Williams: We don't know true accessibility levels in rail


The Government has no idea of the true level of accessibility throughout Britain’s 2,500 train stations, the chair of the independent rail review has revealed to MPs.

Keith Williams, former chief executive of British Airways, has been tasked with a root and branch review of Britain’s railway and was speaking to the Transport Select Committee as the review prepares to make its final recommendations in a White Paper this autumn.

He told MPs: ‘We have been looking at accessibility. It has been a learning exercise for me. If one platform in a station is accessible the whole station is considered accessible. We have 2,500 stations in Britain and we don’t really know how many are accessible.

‘We learned the degree of knowledge of accessibility is partly the result of the fragmentation of rail today.’


He added that there ‘was plenty of money’ to address accessibility but that it was in different pots and needed to be pooled together and invested on the basis of a national action plan.

This could be centred around the major stations and routes into them, he suggested, pointing out that 85 stations carry 60% of passengers.

Mr Williams went on to provide an outline of the recommendations he will make to Government, which he said attempted to set a framework for service contracts that would deliver the best results for the public.

Central to his planning is the concept of a ‘guiding mind’ – a public body that would sit at the heart of the sector with integrated responsibility for track and trains and capable of contracting out services.

Mr Williams was pushed by MPs on the exact nature of this body and though it remained somewhat vague his closest approximation appears to be a national Transport for London type organisation, which primarily contracts out services on a concession basis, but also keeps some services in-house like London Underground.

Mr Williams argued that his recommendations would be flexible enough to allow any government to take forward different strategies of ownership in future, nationalisation or privatisation, while setting up a system that worked for the passenger.

Ending the fragmentation of the system and the argumentative blame culture between its different elements was a key priority, he suggested. He said that his former employer British Airways has an annual income greater that the £11bn of the railways but has nothing like the fragmentation.

He argued that in airways, the type of arguments you find in rail - for instance over who should pay for a delay caused by a bird hitting and overhead wire - were never seen and people were focused on outcomes. 

He also argued local government could have more of a role in deciding future investments but would have to work within a single network system.

In the short-term he said there was a need to produce a standardised, national compensation scheme, which would save money in terms of the economies of scale and provide a clear code of practice as to passengers’ rights.

In the longer-term he said there was a need for a 30-year assessment of the needs of the network and legislative changes would be needed further down the line.

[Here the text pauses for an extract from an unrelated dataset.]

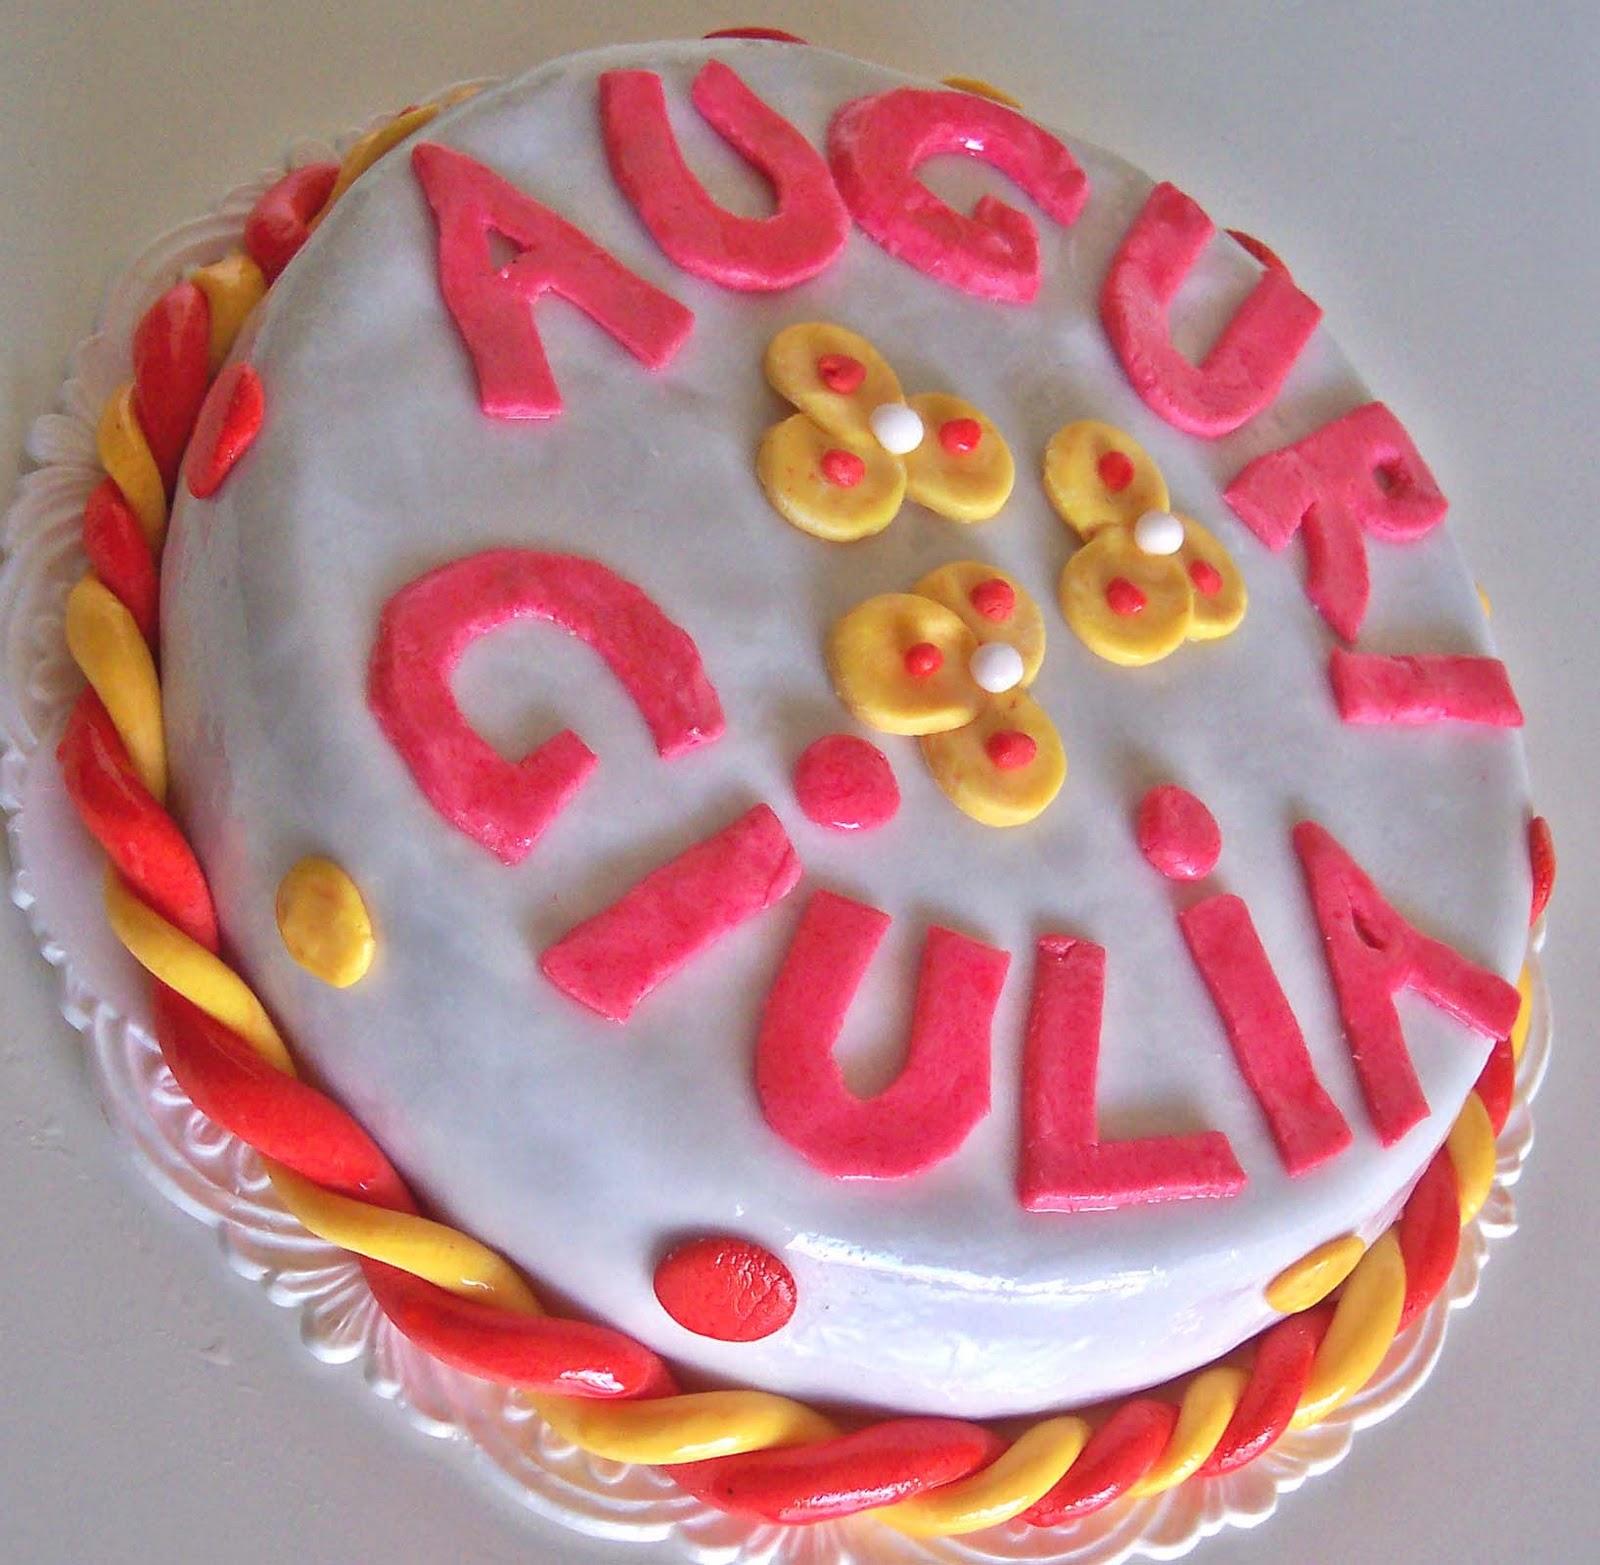 Torta di compleanno decorata   La cassata celiaca

He highlighted decarbonisation as one issue that would need long-term planning.

‘Trains last 30 years, if we have decarbonisation targets for 2050, so those decisions need to be considered now,’ he told MPs.

He also reiterated previous points, supported by government he said, that fares, ticketing and franchising all needed an overhaul. He suggested contracts for services could be given a longer timescales to allow more consistent improvements.

Commuter lines could be focused on reliability targets while longer distance rail routes could put more of a premium on innovation, he argued, as part of a system that is adapted to passenger needs..

He had been consulted on the recently let West Coast franchise and said the contract was flexible enough to be in line with the type of new system he was hoping to achieve.

‘We have said the role of the DfT will change and be much more strategic than it is today. Today it is involved in the minutia of many aspects of rail and we don’t see that as our lead option in the future.’

DfT permanent secretary Bernadette Kelly supports the need for change, he said, adding that the ‘government seems favourably inclined to the recommendation’.

He added that the unions and the passengers would welcome change.